Лавровский и Соболев тут же дружно объединились против него. Завязался долгий спор о лошадях и наездниках. Прервался он только в конце Воронцовской улицы. Поднявшийся ветер принёс «ароматы» ассенизационного обоза, стоянка которого находилась поблизости, и городской свалки нечистот у Спасской заставы.
— Ну и запах, — поморщился Алексей.
— Знаете сколько таких свалок в окрестностях Москвы? — спросил Соболев.
— Нет.
— Тридцать! Давно пора устраивать канализацию как в европейских городах. А нам Городская дума пока «устроила» только очередную комиссию. Четвертый год вопрос обсуждают, договориться ни как не могут.
— Ничего, потерпите малость, — обнадёжил их извозчик. — До Люблинской рощи доедем. Там не воздух, а благодать!
Проехав вёрст шесть по Бронницкой дороге, свернули направо, на просёлок обсаженный деревьями.
— Вы бывали в Люблино? — поинтересовался Соболев.
— Не приходилось.
— Изумительные места. Огромная, на две версты роща, пруд, холмы… Кстати, цены на дачи здесь вполне приемлемые, намного дешевле чем в Пушкине.
— Много дач? — спросил Алексей.
— Штук пятьдесят.
— Долго их обходить придётся.
— Думаю, к обеду управимся.
— А под каким предлогом будем заходить?
— Проверка санитарного состояния в связи с выявлением случаев заболевания чумой крупного рогатого скота в Воронежской губернии. А хотите, сошлёмся на эпидемию ящура в Тмутаракани? Можно и на холеру.
Но проверять ничего не пришлось. Они въехали в рощу и увидели идущего навстречу человека с саквояжем в руке.

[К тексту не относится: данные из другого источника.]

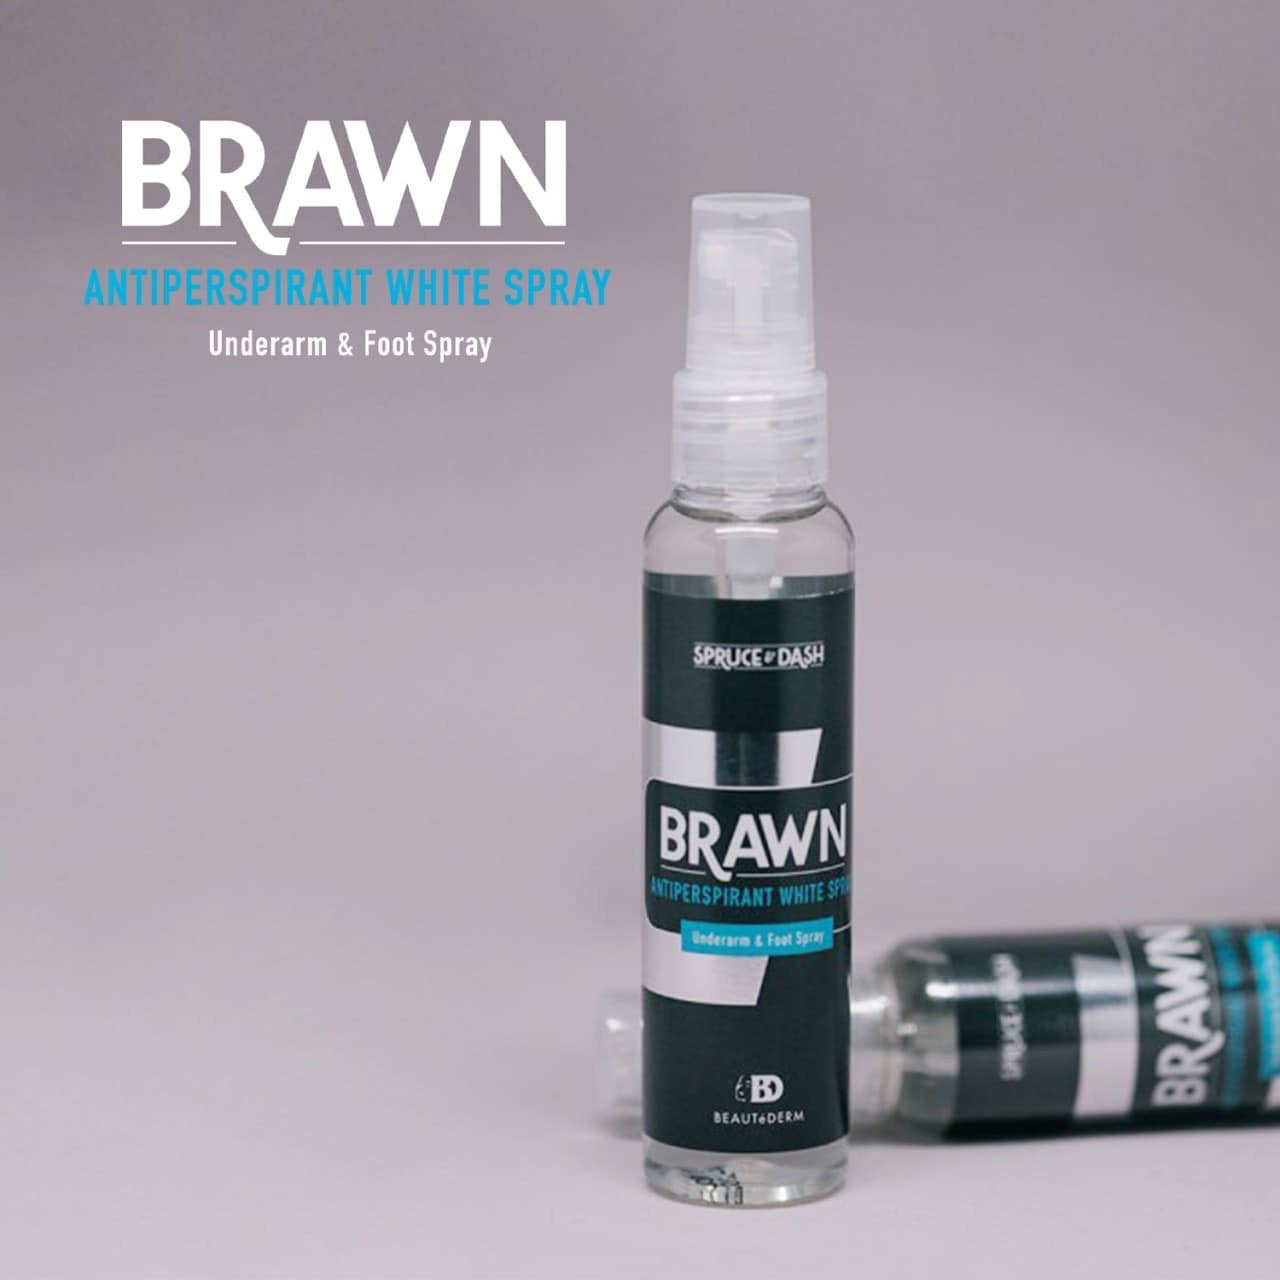 Brawn Antiperspirant Underarm and Foot spray $5(65 ml) or $10(150 ml)

— Гехт! — обрадовался Лавровский. — Карл Карлович Гехт собственной персоной.
Полковник Муравьёв был мрачнее тучи. Вечером его вызвал обер-полицмейстер Янковский и предупредил — если дерзкая кража на Всероссийской выставке не будет раскрыта в самые кратчайшие сроки, то их обоих отправят в отставку.
— И, возможно, не только нас. Ведь это вопрос большой политики, — тяжело вздохнул он. — Осенью государь-император намерен посетить выставку. А кое-кто в высших сферах нашёптывает ему, что этого делать не следует. В Первопрестольной, мол, слишком опасно, никакого порядка нет… Вы уж постарайтесь, полковник. Просите любую помощь. Считайте, что весь полицейский резерв в вашем распоряжении. Если потребуется, Московский жандармский дивизион привлечём. Могу и с начальником охранного отделения Скандраковым о содействии потолковать. Благо мы с ним, в последнее время, нашли общий язык.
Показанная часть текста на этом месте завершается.